I haven't measured the exact vertical rise, but I've estimated it to be 15 feet. I wanted to measure my progress against the nine storeys that had almost killed me.
I ran up and down the stairs to see how many times I could do it before I tired. The first day I ran them 10 times and walked them five. The next day I ran them 15 times. Then 18. Then 20. It wasn't long before I was running the steps 40 times per session.
It didn't come without payment. I discovered my body didn't want to accept this sudden shove into action. It wasn't happy, not one bit. It threw pain at me; a lot of pain. The muscles in my legs, the quadriceps and calves in particular, stiffened and screamed at the slightest movement.
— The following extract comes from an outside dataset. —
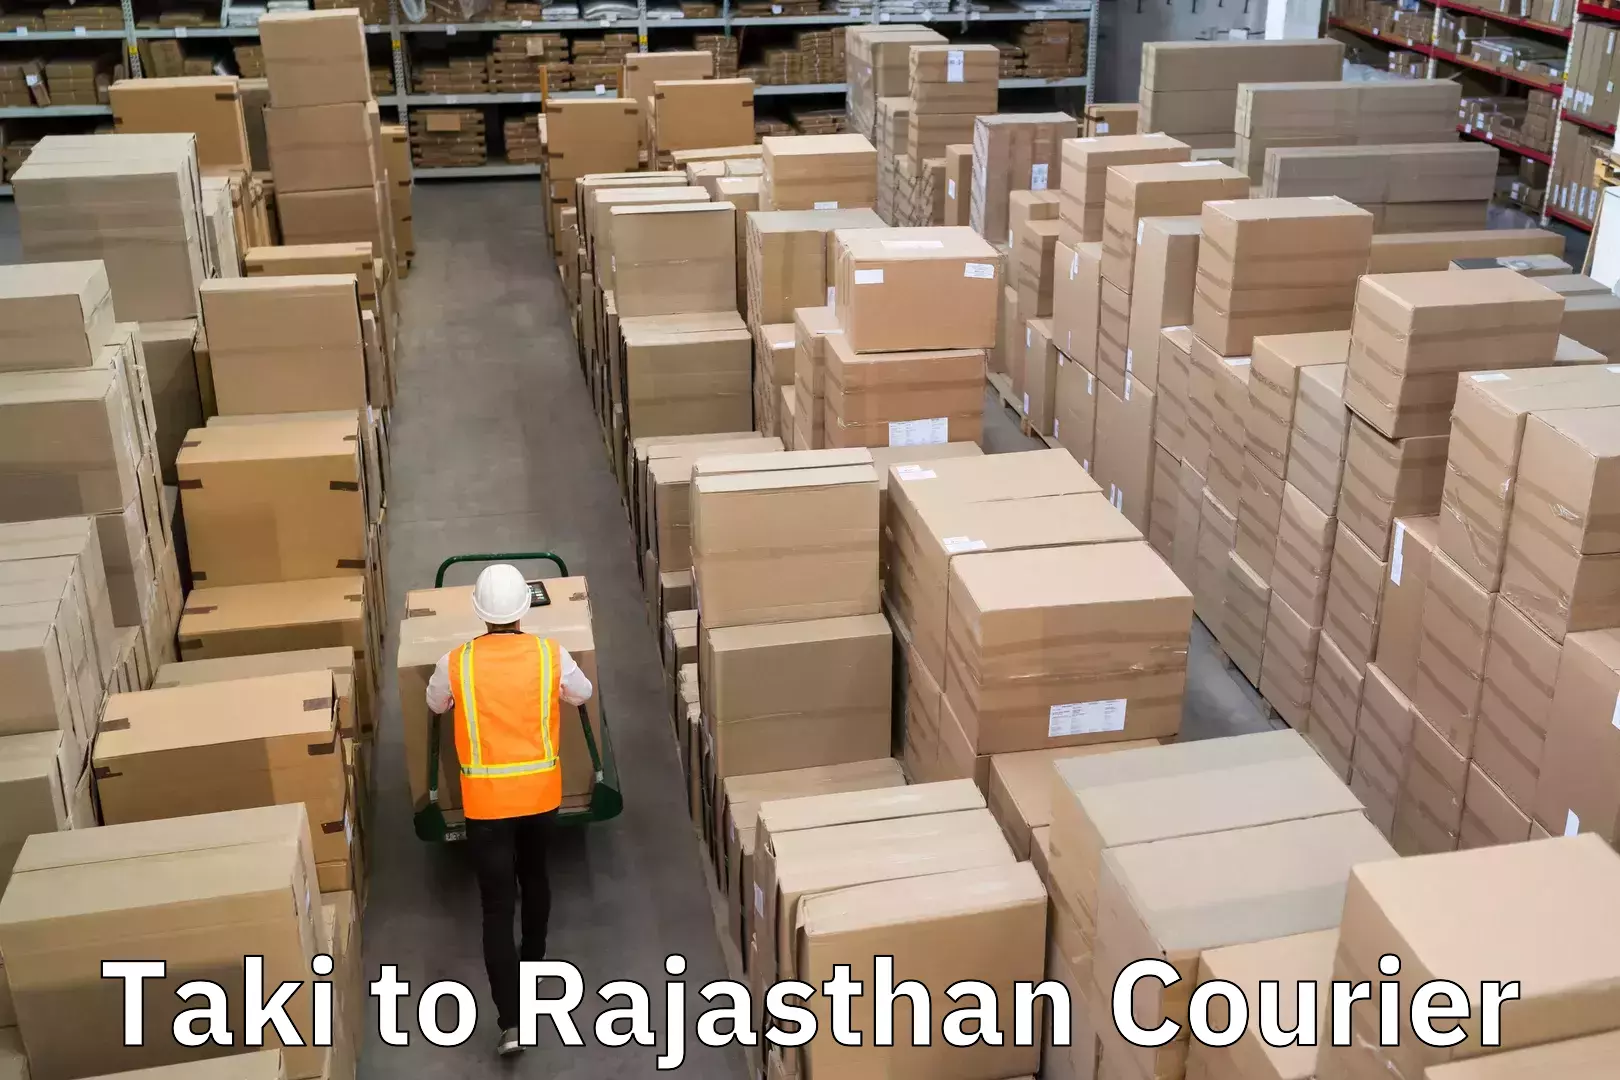 Digital courier platforms Taki to Rajasthan

The hamstrings and Achilles tendons tightened up like piano wires. My knees, shins and lower back ached and throbbed.
That's what I got for sitting on my ass for two years. Say fat ass, and I'll have you maimed. Brutalised but determined, I kept at it. I learned I had to rest one day in between sessions to rebuild my muscles. Stretching through the pain for 45 minutes loosened things enough that I could move about without wincing. Once I was walking, the muscled relaxed.
I maintained a plateau of running the steps 40 times before our trip to Hawai'i. I was concerned I'd put weight back on with the heavy American food and tropical drinks, but swimming in the ocean every day helped keep off the pounds I'd lost. When we returned, I picked up where I'd left off, but 10 days off my schedule had had a significant impact. Running the steps 40 times was a chore; by the end of the first session, I was wasted.
Two days later, I went back. To my surprise, I was able to run the entire session without great difficulty. Encouraged, I worked on that level for a week. Yet the pain in my legs made me realise I needed to alter my routine if I wanted to persist.
I began splitting sets between walking and running. I walked the steps five times, then ran them five, alternating until I completed the full count. I discovered I could increase the number of times I climbed per routine, and keep my heart rate up without feeling ragged at the end of the run.
I pushed it up to 50 times, then 60. In 45 days, I went from 30-minute routines and climbing the equivalent of a 20-storey building to 60-minute routines and climbing the equivalent of a 90-storey building. I added a 30-minute walk afterward to cool down and stretch the muscles so they wouldn't be as sore the next day.
My goals are simple: reach 100 storeys, then 150 and 200. When I hit 200, I'll be running 100 and walking 100: serious fitness. I calculated that were I to run the steps 388 times, it would equal one vertical mile. At my current rate of climbing 60 times per hour, it would take me over six hours to accomplish. That's not fitness, that's self-abuse.
Despite my aches and pains, I feel good. I look forward to my scheduled runs. I've run the steps in blistering temperatures, under massive downpours and even during a typhoon. I'm determined and committed; I will reach my goals. It's not a difficult a choice to make.
I'll take the Steps of Pain over chest pains any day of the week.